Nearly every book I've read about disasters has had a common theme: They were probably preventable. Most of the non-natural disasters were directly caused (or at the very least helped along) by greed, negligence, or a combination of the two. Cutting corners to save money or time has been the cause of an untold number of deaths in our nation's history. And yet very rarely is anyone at the top ever punished--on occasion, a lower-level middle management type will end up as a scapegoat for whatever happened, but almost never does anyone who actually made the decisions wind up taking the heat. I thought I had almost reached a point where I could no longer be surprised.
Well, I was wrong. City on Fire: The Forgotten Disaster That Devastated a Town and Ignited a Landmark Legal Battle is the worst of the worst. It is both the worst disaster I think I have read about thus far AND the worst example of the danger of corporate (and governmental) greed and neglect I have encountered. This book made me want to puke--first from the descriptions of the injuries suffered by the people of Texas City, Texas, and then from the way they were treated by the people directly responsible for the disaster...their own government.
In 1947, Texas City was a booming coastal town. It was almost entirely made of huge chemical plants and smelting factories, and the harbor was the door all those chemicals exited to be distributed around the world. The most dangerous of all the substances that flowed through the little Texas town was ammonium nitrate. During WWII, the US government discovered the dual benefit of this compound--on one hand, it is a very powerful fertilizer. On the other, it is a lethal explosive. After the war was over, the US government--in an attempt to win over the people of Europe by providing them with a means to grow food--boosted the production and shipping of ammonium nitrate. Unfortunately, as in nearly every case I've read about so far, safety was pushed aside in favor of speed and low cost. One day in April of 1947, a ship carrying a large load of ammonium nitrate caught fire while docked. Despite the best efforts of the town's fire crew (left without a fire boat because they couldn't afford one--the huge companies that worked in Texas City had managed to avoid paying the city any taxes, so the town was nearly broke) the ship exploded, leveling half of the town. Another ship--also full of ammonium nitrate--also exploded, destroying the little that remained surrounding the harbor. Planes were knocked out of the sky, and the effects of the explosion were felt more than 150 miles away. The explosion was similar to the one that occurred in Halifax harbor in 1917, except in this case the survivors had to contend with the continued explosions and raging fires of the chemical plants--and water so full of toxins it couldn't be used on the fires for fear of making the worse.

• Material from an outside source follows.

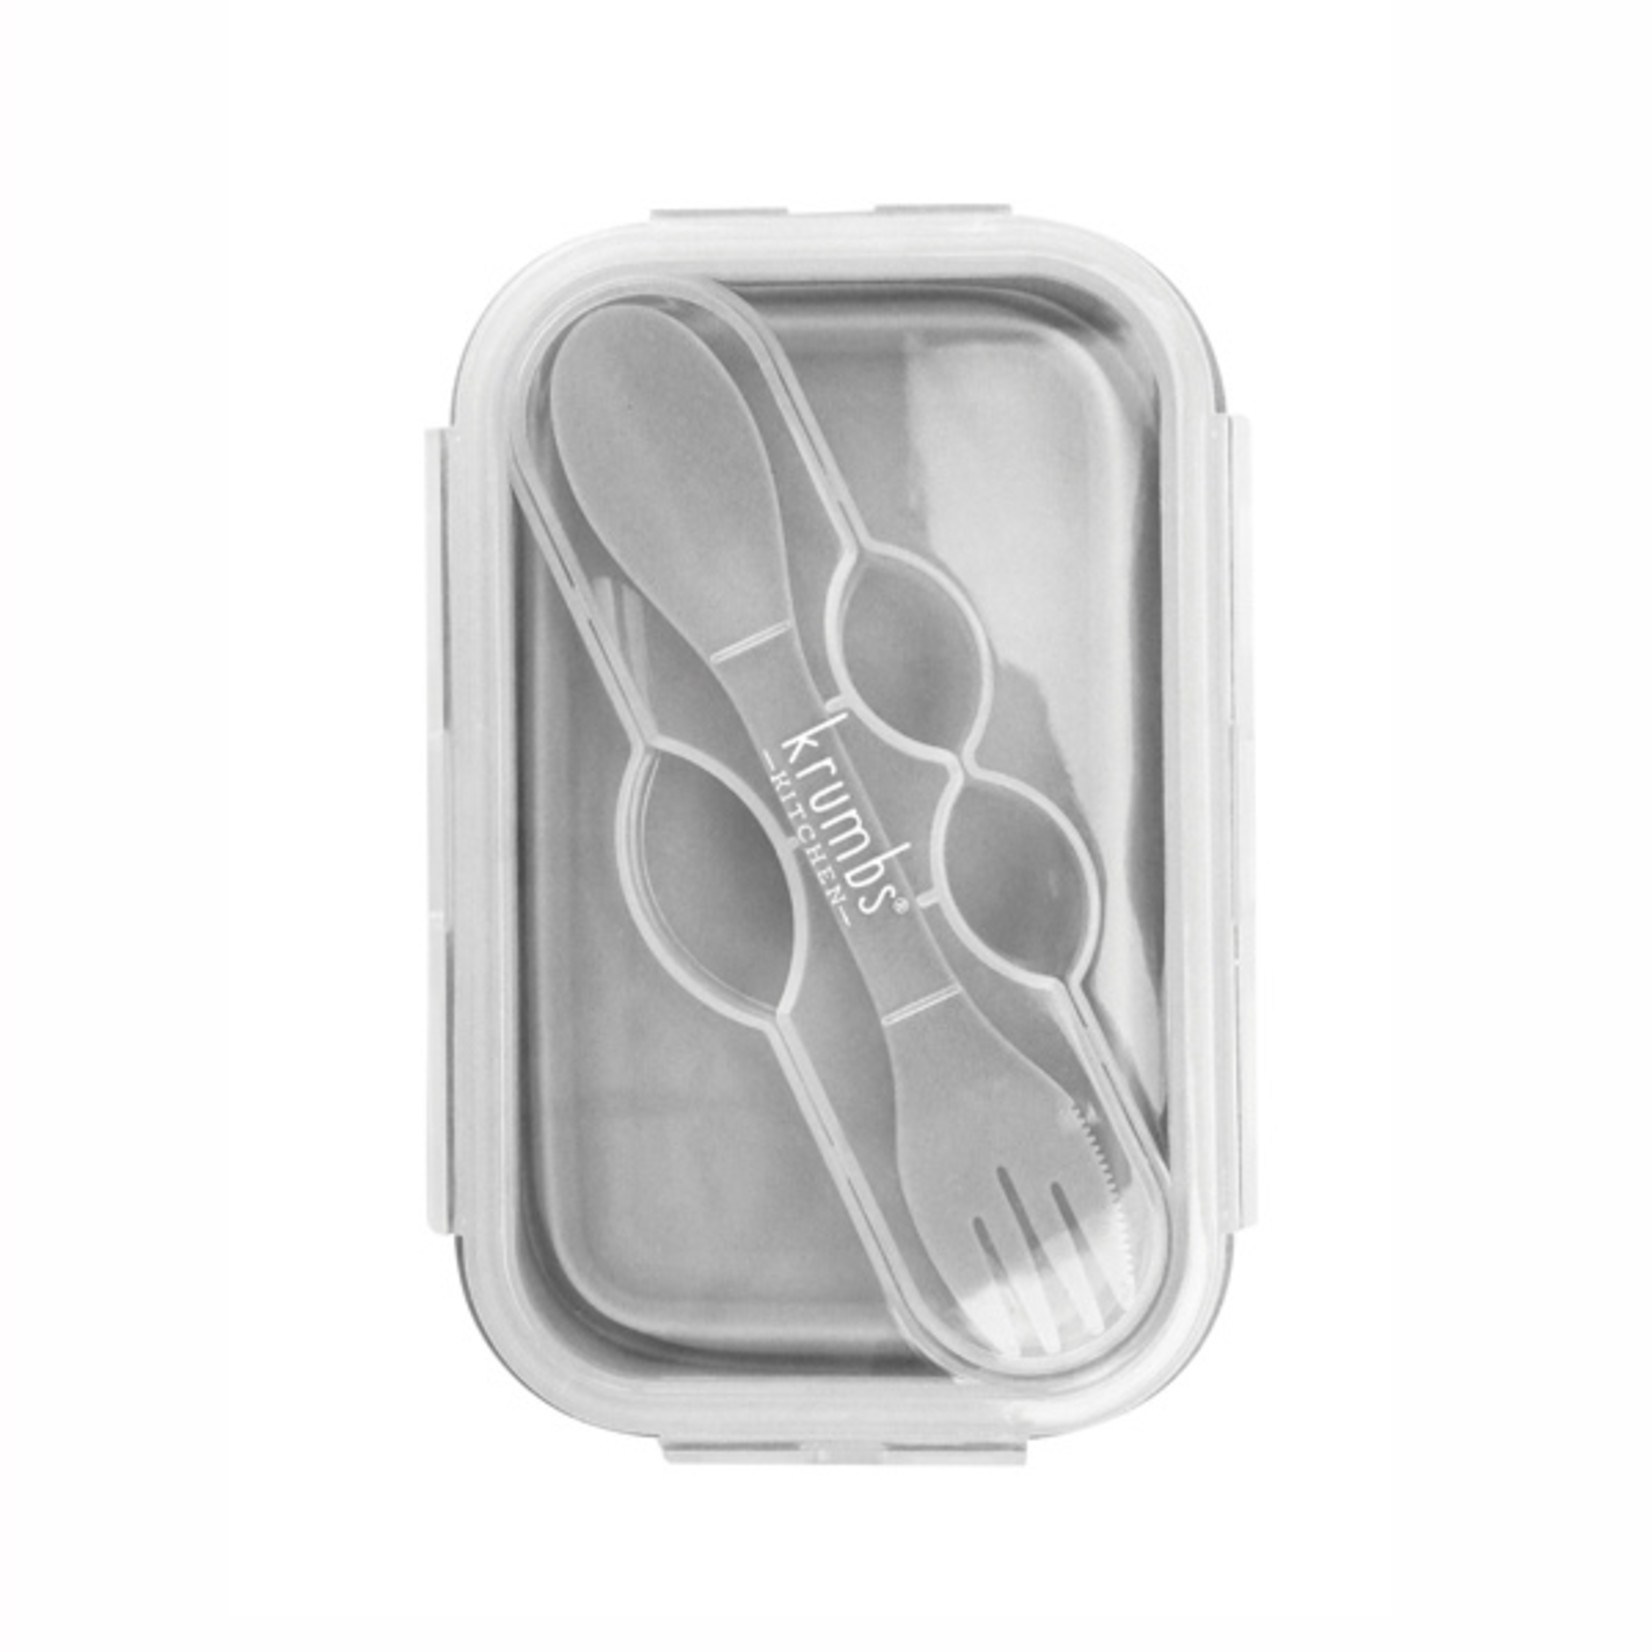 DM Merchandising Krumbs Kitchen - Collapsible Silicone Lunch Container - Gray

Minutaglio begins his book by introducing the reader to several main characters--Bill Roach, an idealistic priest, Curtis Trehan, the young mayor of Texas City, Elizabeth Dalehite, the wife of a local sea captain, Ceary Johnson, an African-American longshoreman, and Walter Sandberg, a chemical company executive, as well as high school students, homemakers, and dock workers. He sets up the scene in Texas City, where "The Company" controls everything, and the poor African American and Latino populations live in slums. Then, he takes the reader through the explosion, giving the perspectives of each person. He continues on to the aftermath of the disaster, and then spends a relatively short time on the legal aspect of what happened--survivors of the disaster were the first US citizens to bring a class-action lawsuit against the United States government.
The descriptions of the explosion and its effects were gory and horrific. I definitely found myself feeling a little faint in one or two places, simply due to the graphic descriptions. The author has done a great job researching and making the reader feel like he or she is right in the middle of the story, suffering along with the people we've gotten to know in the early chapters. He details their struggles, and goes on to finish with a short epilogue to let you know their fates.
This is an amazing book, showcasing another piece of barely acknowledged American history. I had never heard about this until I stumbled across an article on it in Wikipedia, and was shocked that the largest industrial disaster on American soil could have been almost entirely forgotten. It is simply mind-boggling, and I think that everyone should read Minutaglio's book.